What I love about Theatrevoice….
Saturday, March 29th, 2008Is it really four years ago, as Dominic Cavendish wrote in his opening blog here, since Theatrevoice was launched? I wasn’t there right at the beginning, but was early on conscripted as a regular panellist on the critical round-ups that the site was launched with, and then went on to regularly host as well as co-ordinate them – a function I continue to fulfil to this day, and only on Thursday I hosted the latest round-up that is already on the site but the site has since become much more than just a place where critics meet and can be heard, literally, in their own voices, away from the arts pages and web sites they already appear on.
Now there are also regular interviews with theatre artists, whether to promote current projects, like suddenly prolific producer David Pugh or defend themselves against the critics. And now the site has its very own blog, too.
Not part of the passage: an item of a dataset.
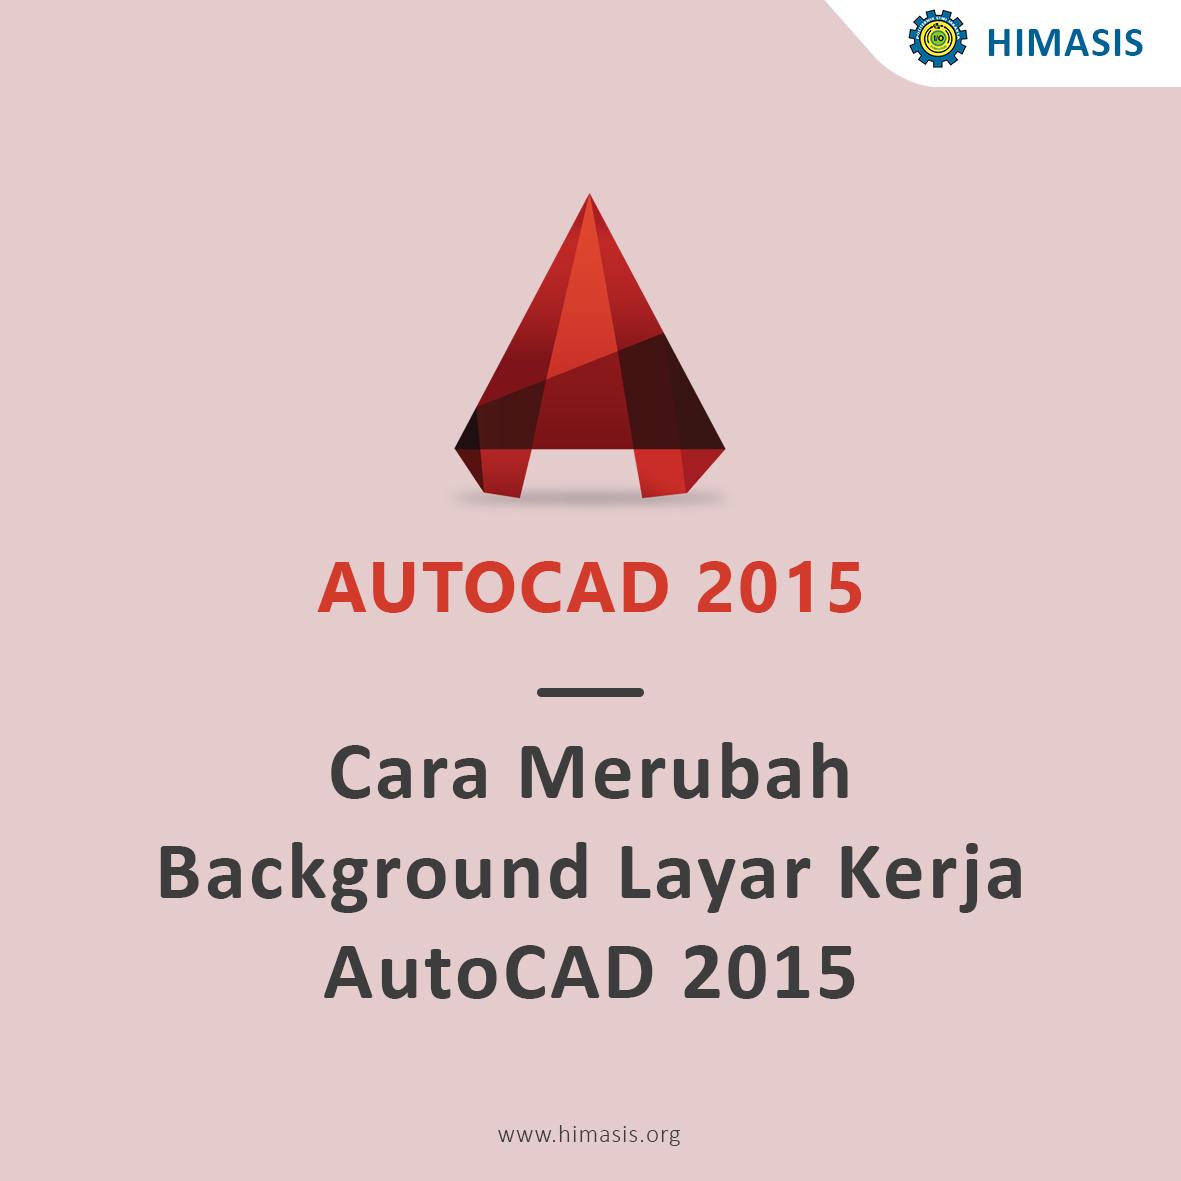 Cara Merubah Background Layar Kerja AutoCAD2015
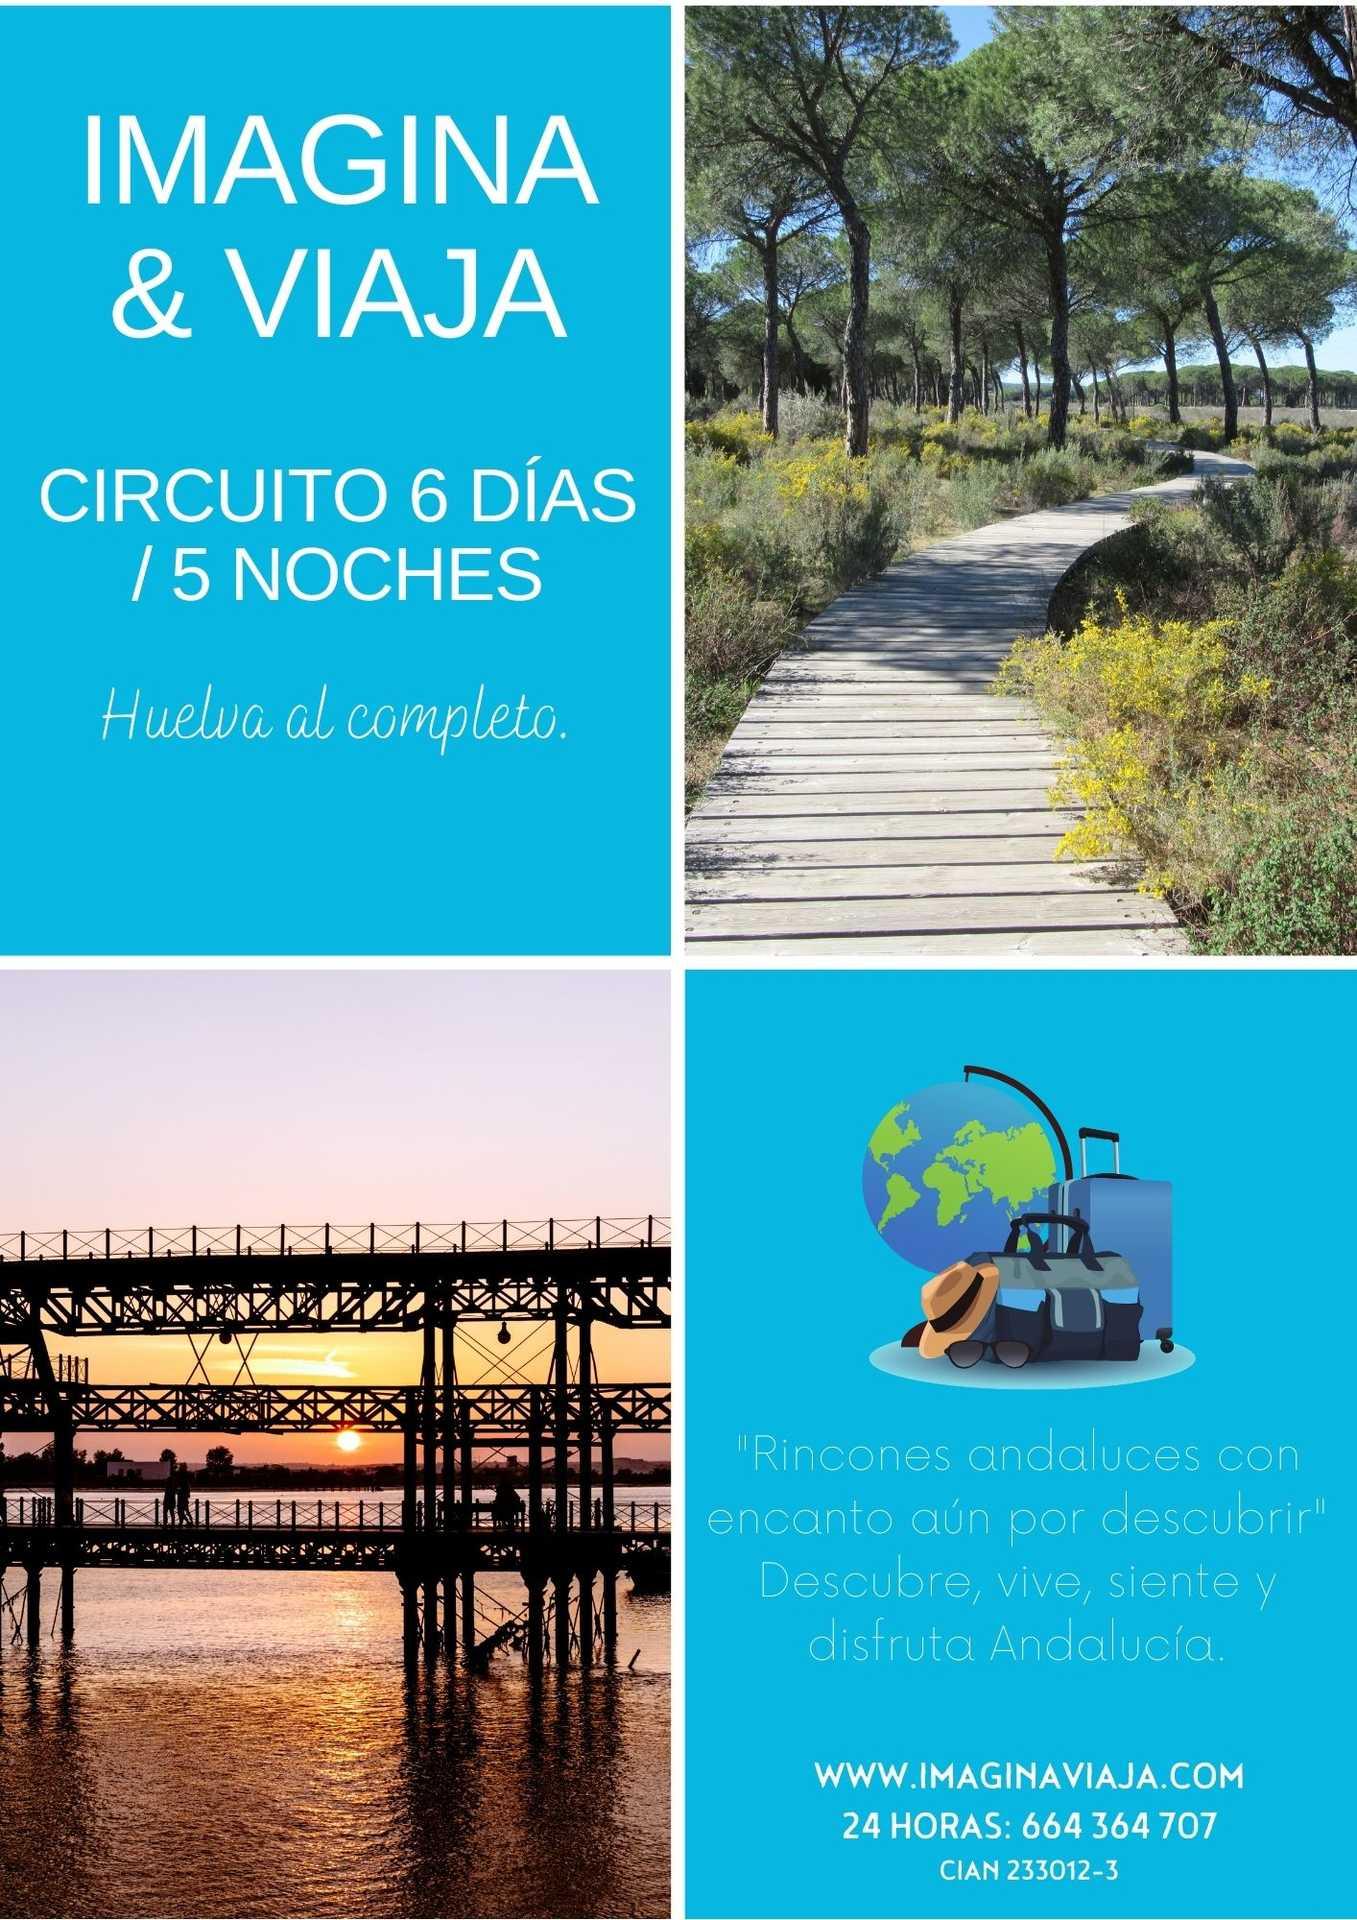 Huelva al completo

Although I already write a daily blog on the Stage website and also contribute regularly to The Guardian’s theatre blog section, too, Theatrevoice occupies a special place in the busy clamour of everything else I do because it offers a moment to pause, reflect and most importantly share opinions, amidst the more solitary type of criticism most of us write or broadcast where it is typically a transaction between critic and computer screen, or with a presenter and radio mike.
As I wrote on my Stage blog on Friday about the Theatrevoice session that Charlie Spencer, Matt Wolf, David Benedict and I had recorded the day before, “We all of us seem to love doing these sessions; at their best, and yesterday’s felt a bit like it, it is like an animated conversation amongst friends – with passionate disagreements (David and Matt didn’t think Never So Good was much of a play, whereas Charlie adored it), and a lot of honest soul, or at least opinion, baring.”
The internet is full of the noisy, lively discourse that takes place in various chatrooms; but Theatrevoice is literally chat, live and in person. It also allows critics to do something we don’t typically do: to talk to each other about the plays we’ve seen. It’s not that we don’t talk to each other – critics are a remarkably convivial bunch, with an inevitable exception or two, and since our lives are a bit ‘Groundhog Day’ in the sense that we see each other most nights in pretty similar places and situations, we inevitably know and respect each other. But there’s a critical code that we don’t discuss the show amongst ourselves on the night itself – there’s no collusion to set a critical temperature on each show, and one of the strengths of there still being so many outlets in London for us to work in is that you can get wildly differing outcomes as a result. What’s one man (or woman’s) meat is another’s poison; as a friend of mine is often fond of remarking, “That’s why there’s chocolate and vanilla ice-cream – and why Baskin Robbins have 27 other flavours, too”.
And Theatrevoice, and now this blog, allows our listeners and readers to taste yet more of those critical favours and flavours.